MMLL webinar IV: From Sparse Modeling to Sparse Communication
The Mercury Machine Learning Lab (MMLL) would like to invite you to the MMLL online seminar series. In this series of four webinars, the lab will focus on causality, information retrieval, natural language processing, and reinforcement learning.
In this 4th and final webinar, Prof. dr. André Martins (LST Lisbon) will give a presentation on “From Sparse Modeling to Sparse Communication.”
Registration link: here
15.00: Opening by Dr. Wilker Aziz (ILLC, UvA)
Neural networks and other machine learning models compute continuous representations, while humans communicate mostly through discrete symbols. Reconciling these two forms of communication is desirable for generating human-readable interpretations or learning discrete latent variable models, while maintaining end-to-end differentiability.
In the first part of the talk, I will describe how sparse modeling techniques can be extended and adapted for facilitating sparse communication in neural models. The building block is a family of sparse transformations called alpha-entmax, a drop-in replacement for softmax, which contains sparsemax as a particular case. Entmax transformations are differentiable and (unlike softmax) they can return sparse probability distributions, useful to build interpretable attention mechanisms. Variants of these sparse transformations have been applied with success to machine translation, natural language inference, visual question answering, and other tasks.
In the second part, I will introduce mixed random variables, which are in-between the discrete and continuous worlds. We build rigorous theoretical foundations for these hybrids, via a new “direct sum” base measure defined on the face lattice of the probability simplex. From this measure, we introduce new entropy and Kullback-Leibler divergence functions that subsume the discrete and differential cases and have interpretations in terms of code optimality. Our framework suggests two strategies for representing and sampling mixed random variables, an extrinsic (“sample-and-project”) and an intrinsic one (based on face stratification).
In the third part, I will show how sparse transformations can also be used to design new loss functions, replacing the cross-entropy loss.

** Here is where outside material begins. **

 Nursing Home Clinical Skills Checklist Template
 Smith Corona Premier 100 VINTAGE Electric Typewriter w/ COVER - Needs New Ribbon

To this end, I will introduce the family of Fenchel-Young losses, revealing connections between generalized entropy regularizers and separation margin. I will illustrate with applications in natural language generation, morphology, and machine translation.
This work was funded by the DeepSPIN ERC project (https://deep-spin.github.io).
Bio of Prof. dr. André Martins:
André Martins (PhD 2012, Carnegie Mellon University and University of Lisbon) is an Associate Professor at Instituto Superior Técnico, University of Lisbon, researcher at Instituto de Telecomunicações, and the VP of AI Research at Unbabel. His research, funded by a ERC Starting Grant (DeepSPIN) and other grants (P2020 project Unbabel4EU and CMU-Portugal project MAIA) include machine translation, quality estimation, structure and interpretability in deep learning systems for NLP. His work has received best paper awards at ACL 2009 (long paper) and ACL 2019 (system demonstration paper). He co-founded and co-organizes the Lisbon Machine Learning School (LxMLS), and he is a Fellow of the ELLIS society.